The recordkeeping requirements set
forth in 42 CFR 8.4, 8.11 and 8.12
include maintenance of the following: 5year retention by accreditation bodies of
certain records pertaining to
accreditation; documentation by an OTP
of the following: a patient’s medical
examination when admitted to
treatment, A patient’s history, a
treatment plan, any prenatal support
provided the patient, justification of
unusually large initial doses, changes in
a patient’s dosage schedule, justification
of unusually large daily doses, the
rationale for decreasing a patient’s clinic
attendance, and documentation of
physiologic dependence.
The rule also includes requirements
that OTPs and accreditation
organizations disclose information.

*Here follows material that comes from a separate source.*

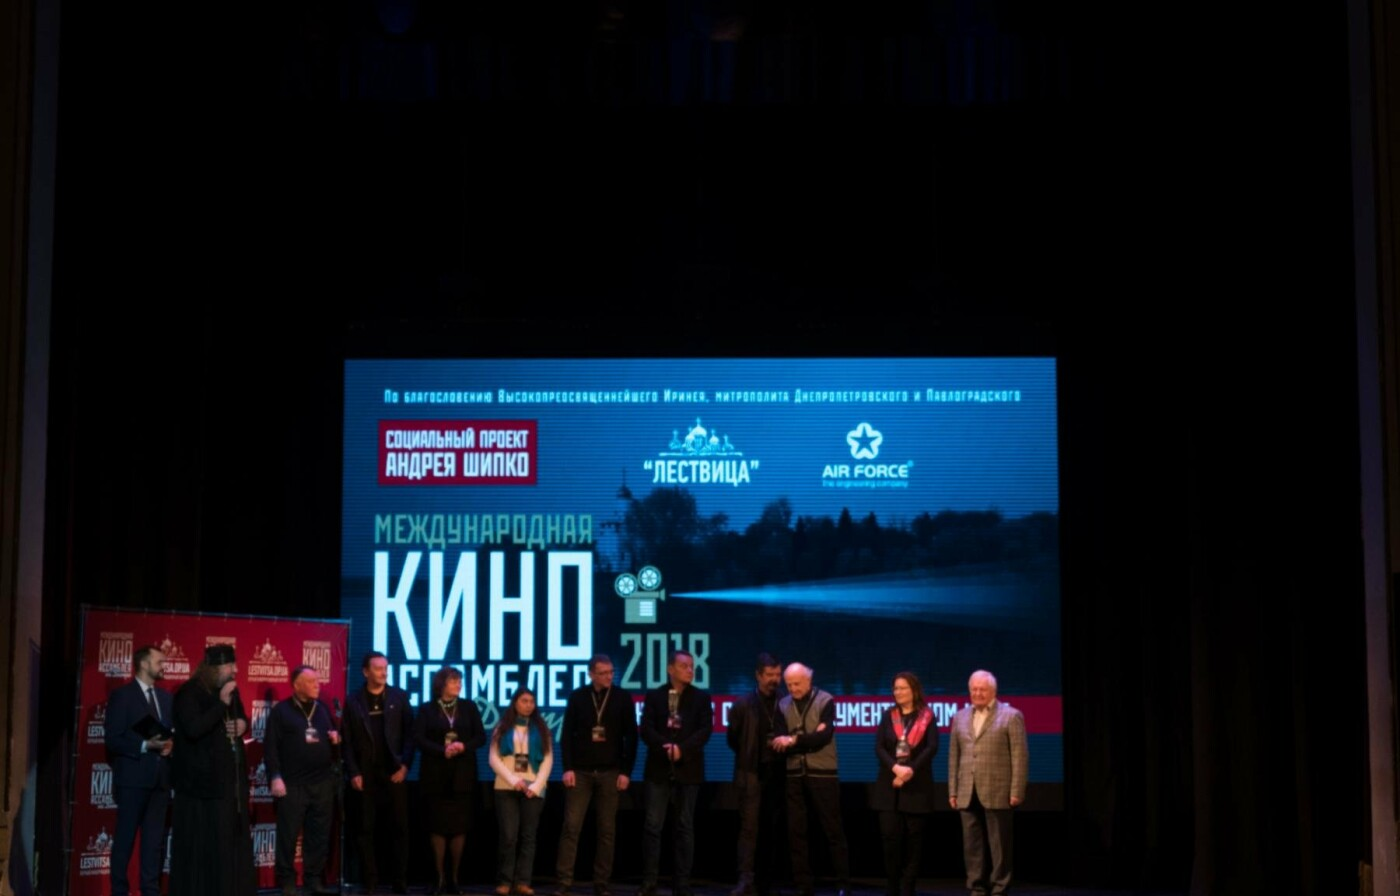 Киноассамблея на Днепре-2018: как прошла церемония открытия кинофорума (ФОТО), фото-1

For
example, 42 CFR 8.12(e)(1) requires that
a physician explain the facts concerning
the use of opioid drug treatment to each
patient. This type of disclosure is
considered to be consistent with the
common medical practice and is not
considered an additional burden.
Further, the rule requires, under Sec.
8.4(i)(1) that accreditation organizations
shall make public their fee structure;
this type of disclosure is standard
business practice and is not considered
a burden.
The information requested from OTPs
on mortality report form should be
readily available to any OTP that has
met accreditation standards. The OTP
should not find any need to otherwise
analyze or synthesize new data in order
to complete this form.
Send comments to Summer King,
SAMHSA Reports Clearance Officer,
Room 7–1044, One Choke Cherry Road,
Rockville, MD 20857 and e-mail her a
copy at summer.king@samhsa.hhs.gov.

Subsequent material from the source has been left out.